Task statement: Your output should be exactly the lines from the one containing "La calidad de" through the final line of the following data, please, with no pictures.

Top of Data

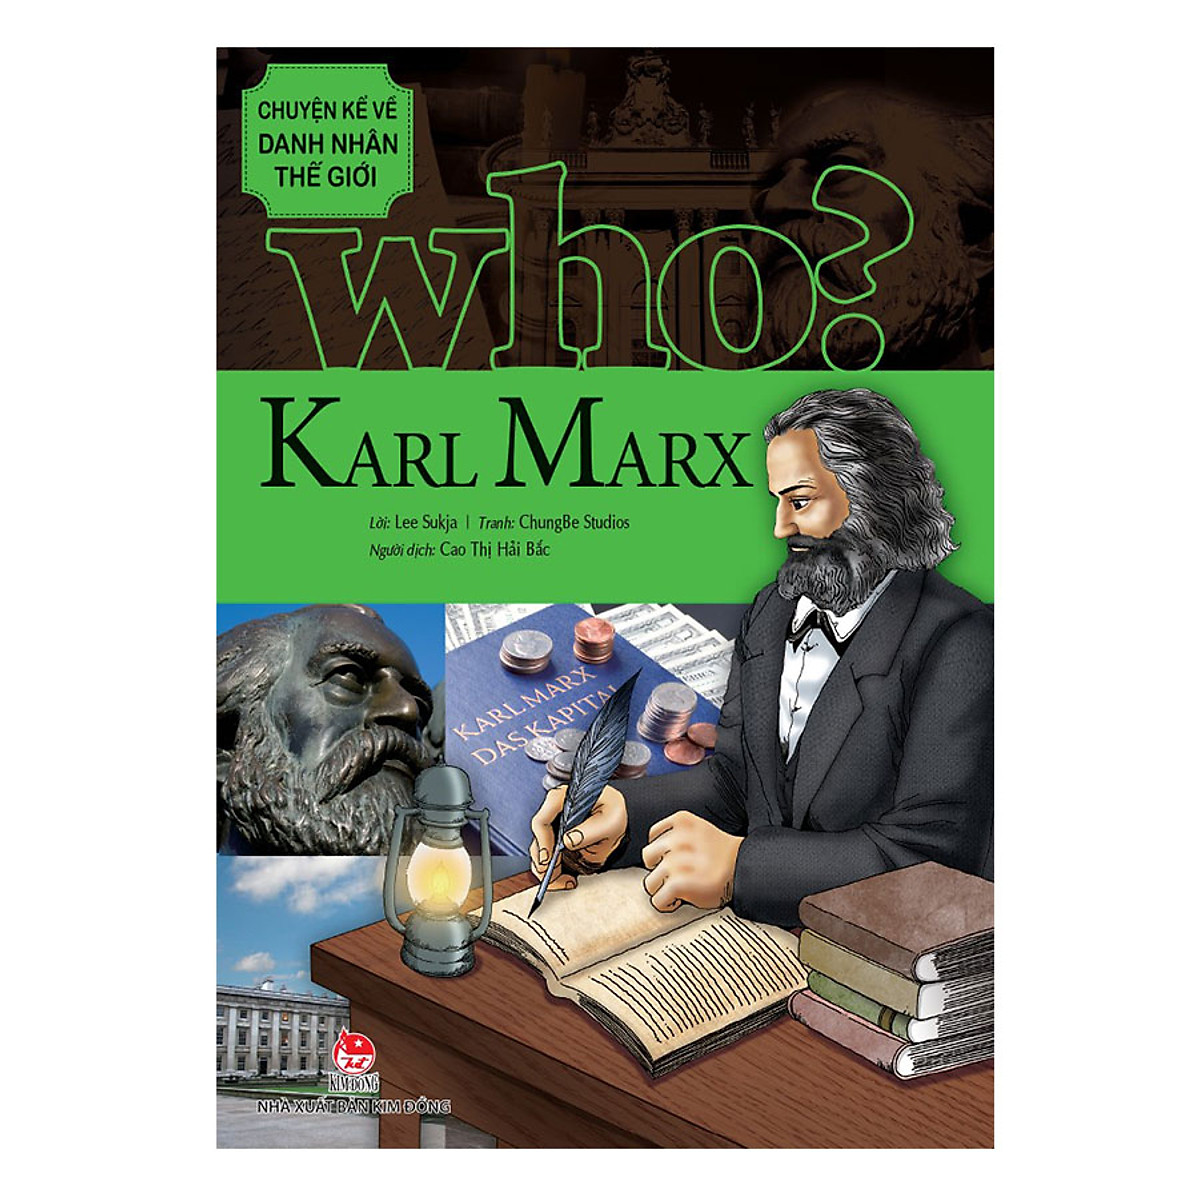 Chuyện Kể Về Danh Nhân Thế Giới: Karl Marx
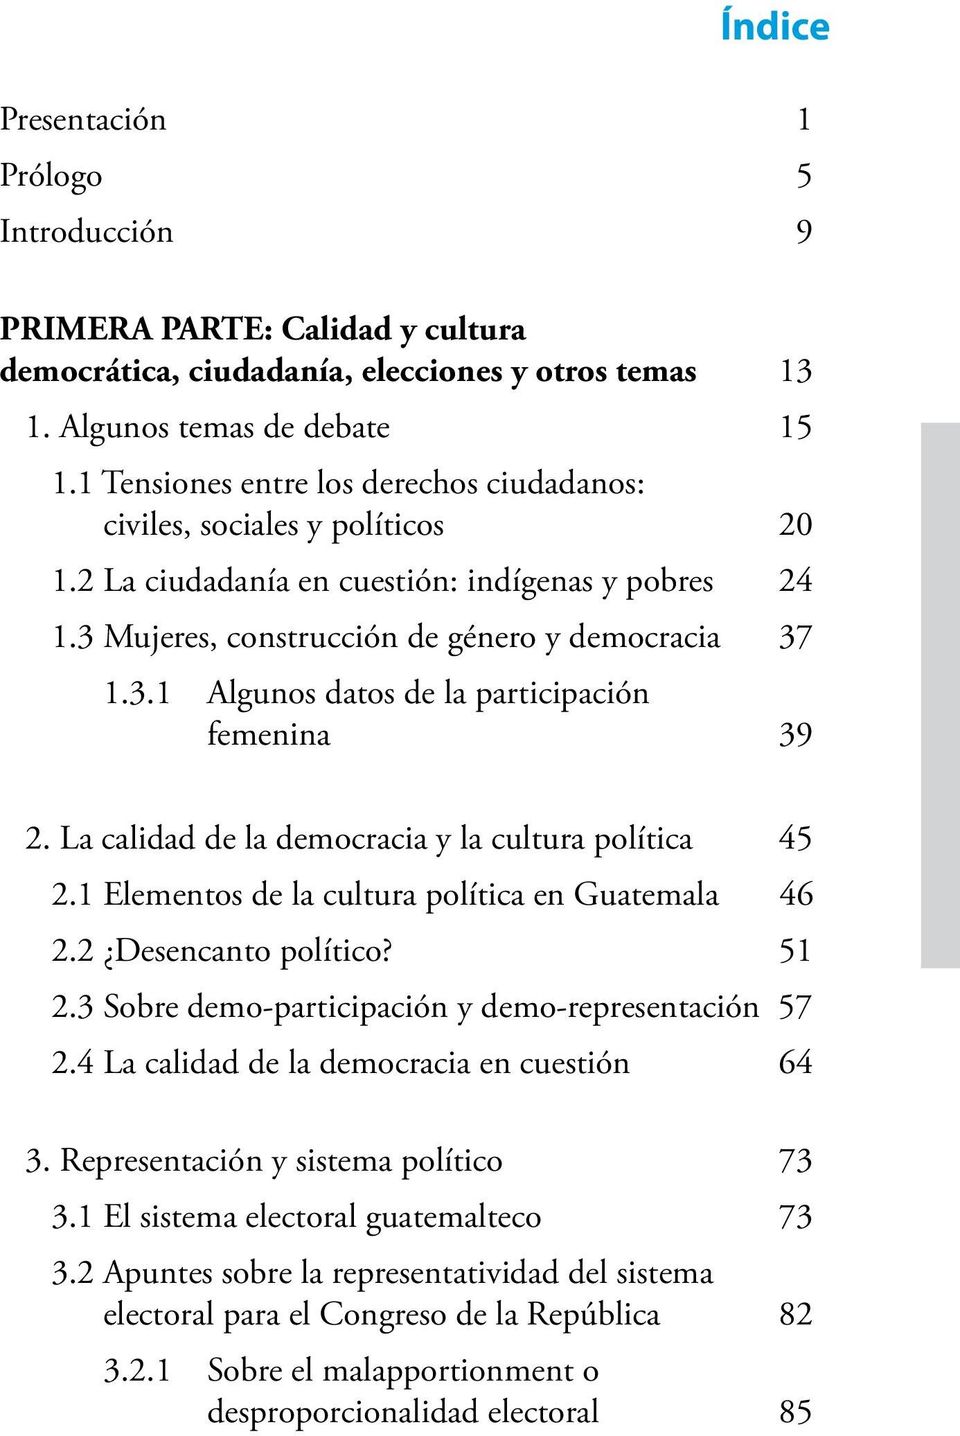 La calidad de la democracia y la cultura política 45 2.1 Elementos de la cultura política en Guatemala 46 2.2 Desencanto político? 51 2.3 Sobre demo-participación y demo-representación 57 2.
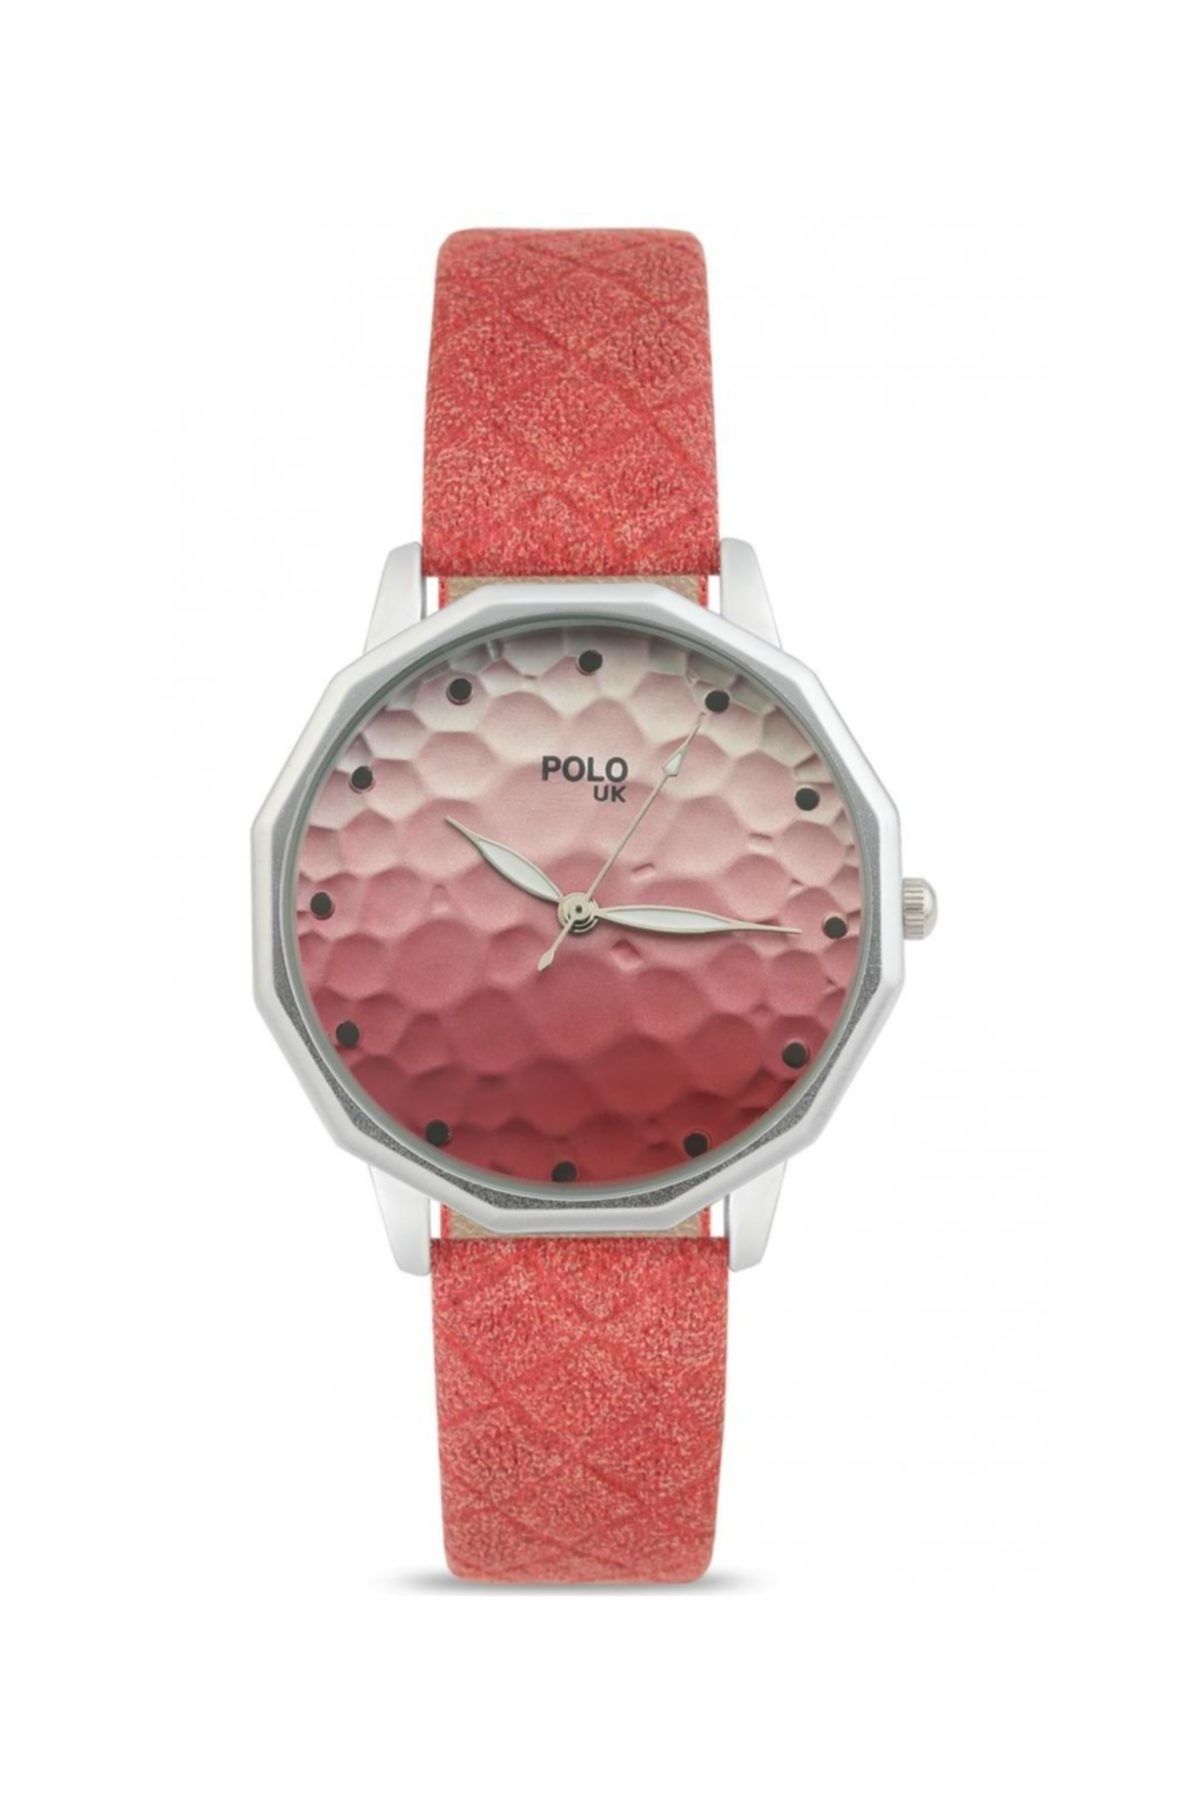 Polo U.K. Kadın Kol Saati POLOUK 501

Bottom of Data

Exercise solution:
 La calidad de la democracia y la cultura política 45 2.1 Elementos de la cultura política en Guatemala 46 2.2 Desencanto político? 51 2.3 Sobre demo-participación y demo-representación 57 2.
 Polo U.K. Kadın Kol Saati POLOUK 501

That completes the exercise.